Из прихожей обиженный Прохор вышел во двор, чтобы встретить брата и заодно глянуть на самовар. Но о самоваре, который уже пыхтел, урчал, он тотчас же забыл. У самой калитки с ходу, со скрипом добротных тормозов, в облаке густой поселковой пыли, остановилась легковая вороненая машина с собранным позади гармошкой матерчатым верхом.
Из машины вышел озабоченный Алексей. В левой руке он держал бутылку шампанского, а правую прямо поверх калитки, еще не войдя во двор, протягивал Прохору со стремительной готовностью к пожатью, как будто и праздник для секретаря обкома был тоже хлопотливым делом.
— Видел, видел тебя на демонстрации! — проговорил он, не выпуская руку брата, распахивая калитку ударом сильной коленки. — Шел ты бравой походкой, знамя крепко держал под ветрищем! — И, как бы вспомнив, что в праздник не обойдешься без шутки, прибавил, смеясь одними светлыми глазами под чернью навесистых бровей: — Однако сейчас бы я даже бутылку шампанского не доверил тебе держать!

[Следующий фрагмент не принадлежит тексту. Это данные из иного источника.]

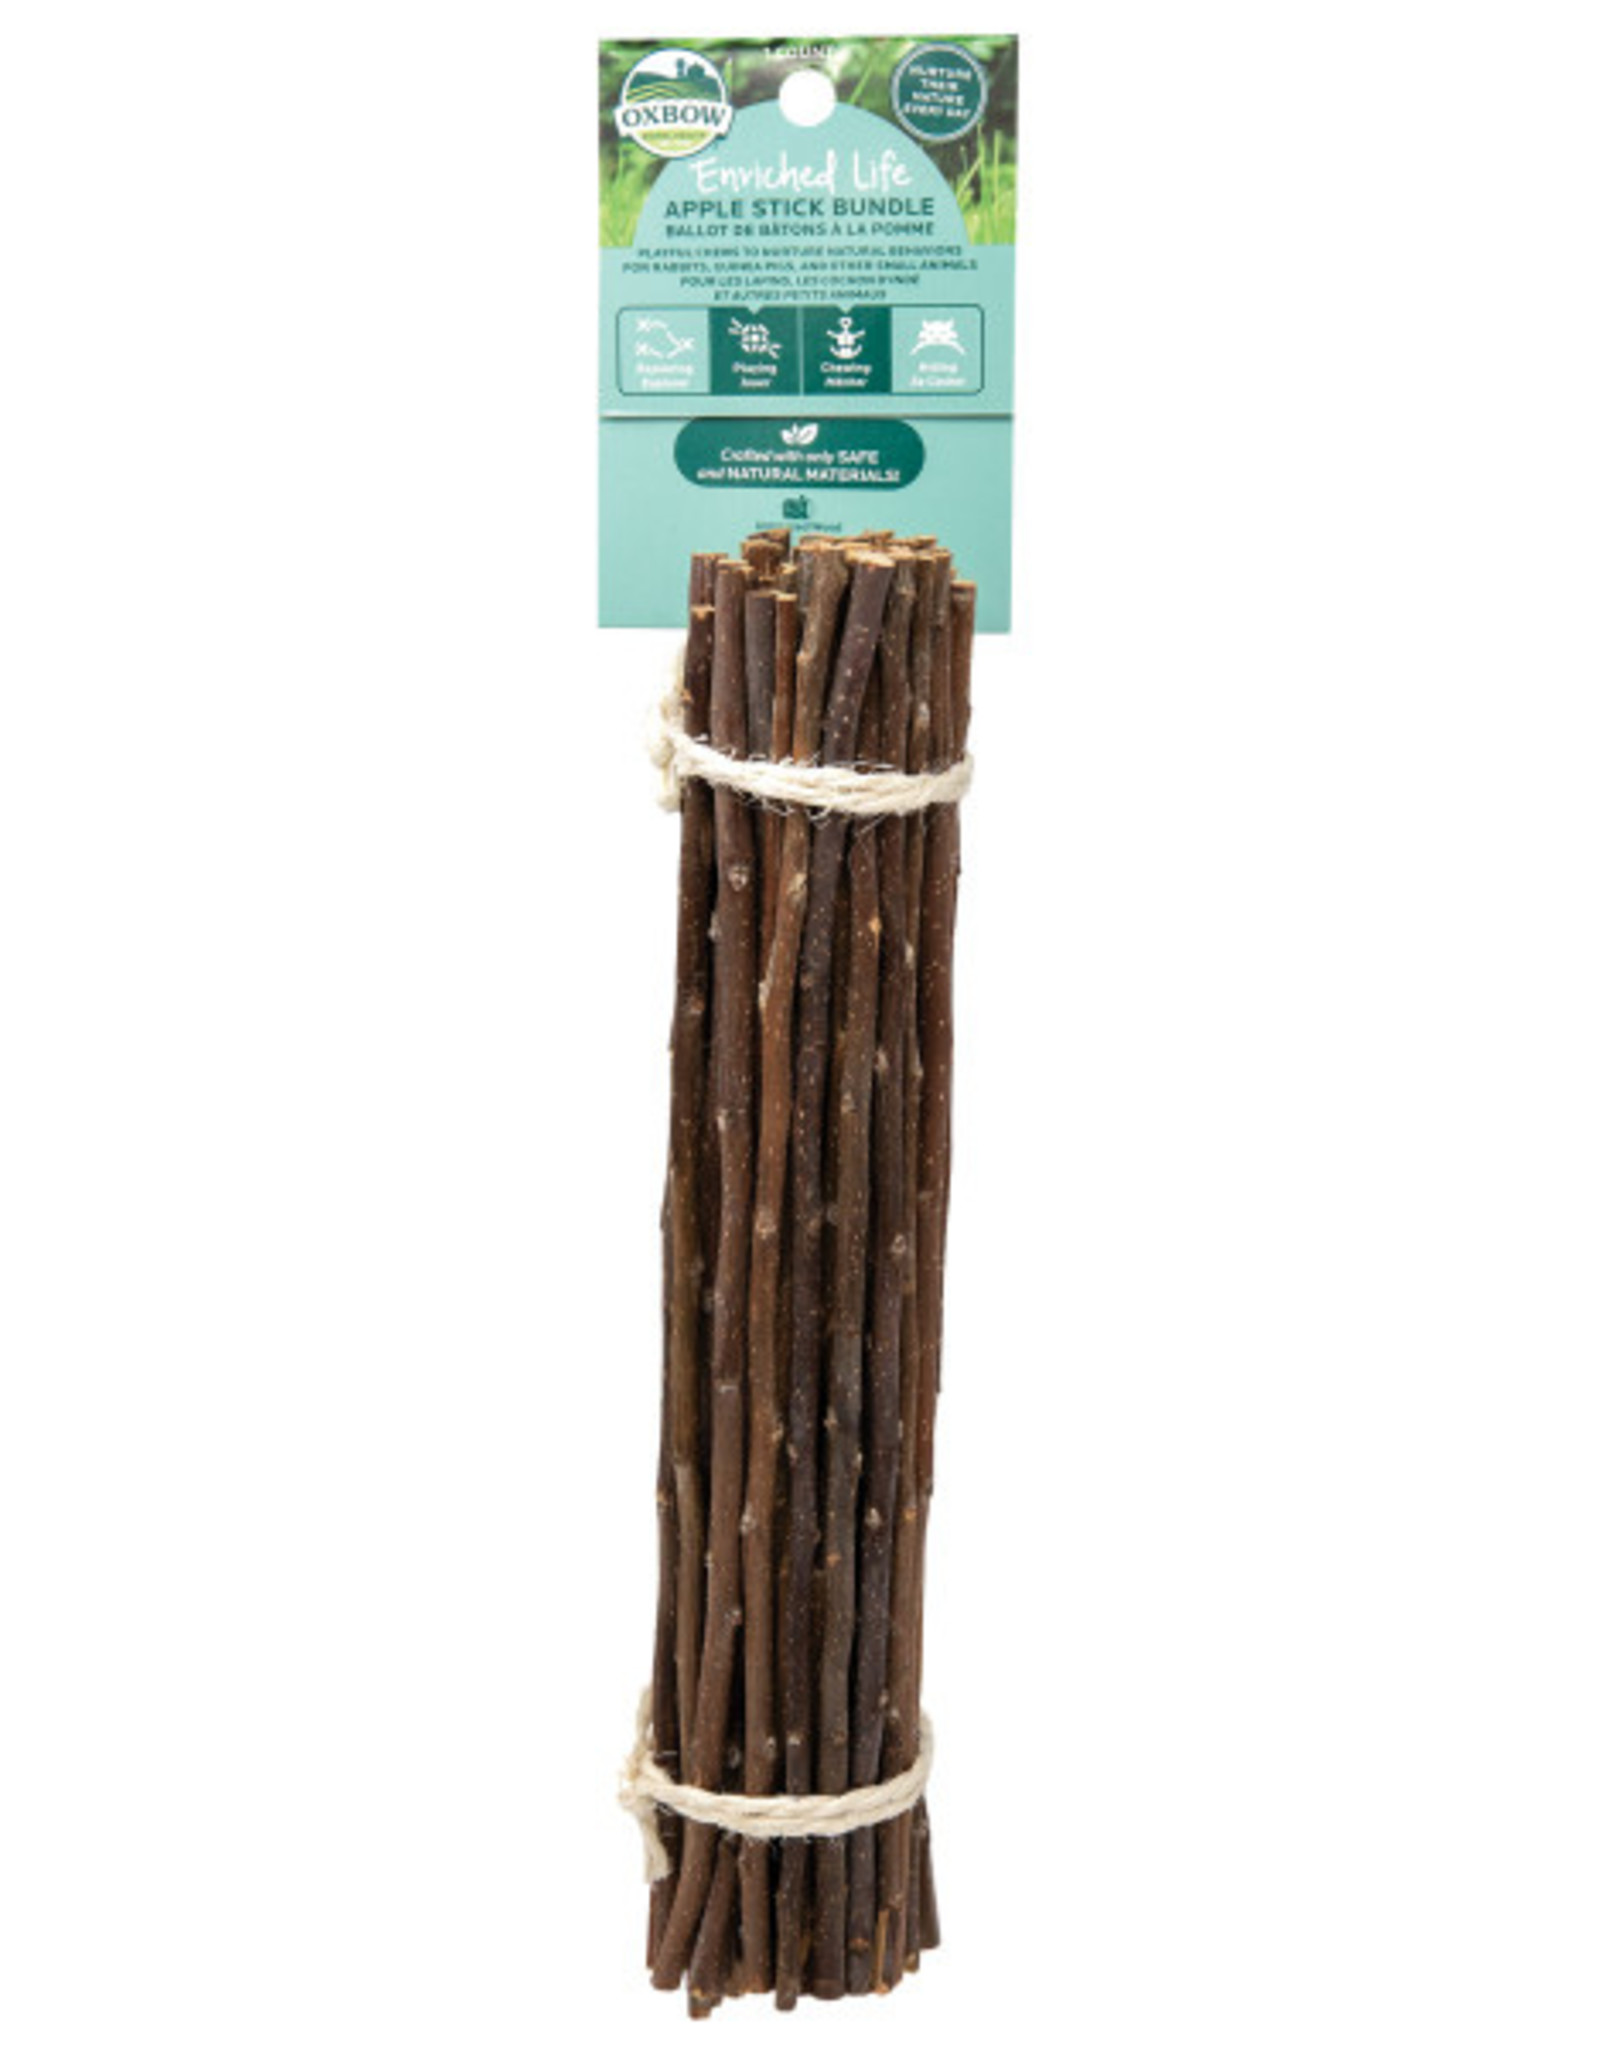 Oxbow Apple Stick Bundle

Прохор отмахнулся досадливо и уже собирался высказать обиду на отца, как вдруг старший брат спросил с тревогой в хрипловатом после выкриков с трибуны голосом:
— Ну, что наш старик?
— Да все вокруг стола ходит, — ответил Прохор и поморщился.
— Ага, значит, не в духе! Чего доброго, и распекать меня начнет.
— Да, сердит… Мне вот, словно мальчишке какому, подзатыльник дал. А из-за чего?.. Не понравилось ему, вишь ты, что я по-рабочему правду-матку резал. Ведь Моторин-то, Серега, знай твердит свое: не будем, не будем воевать с Германией! А я ему…
— Нет, ты обожди! — перебил Алексей. — Идем-ка лучше в дом!
— Идем, брательник. Только ты нас рассуди с Моториным.
— Хорошо, хорошо…
Будь Прохор трезвее, он, наверное, заприметил бы в движениях старшего, тридцатипятилетнего брата тревожную суетливость провинившегося мальчишки. Но Прохор думал о своем и вообще ничего не видел: и как мать, выбежавшая из кухни, припала маленькой сухонькой головкой к широкой груди Алексея, гостя редкого, залетного, и как отец, что-то буркнув под толстый, свечой оплывший нос, тряхнул сердито, с сердцем, руку сына, вместо того чтобы по-обычному приветствовать его плоским, любовно-дружеским ударом ладони в крепкое плечо и воскликнуть по-давнему, по-знакомому: «Матереешь, матереешь, чертов сын!..»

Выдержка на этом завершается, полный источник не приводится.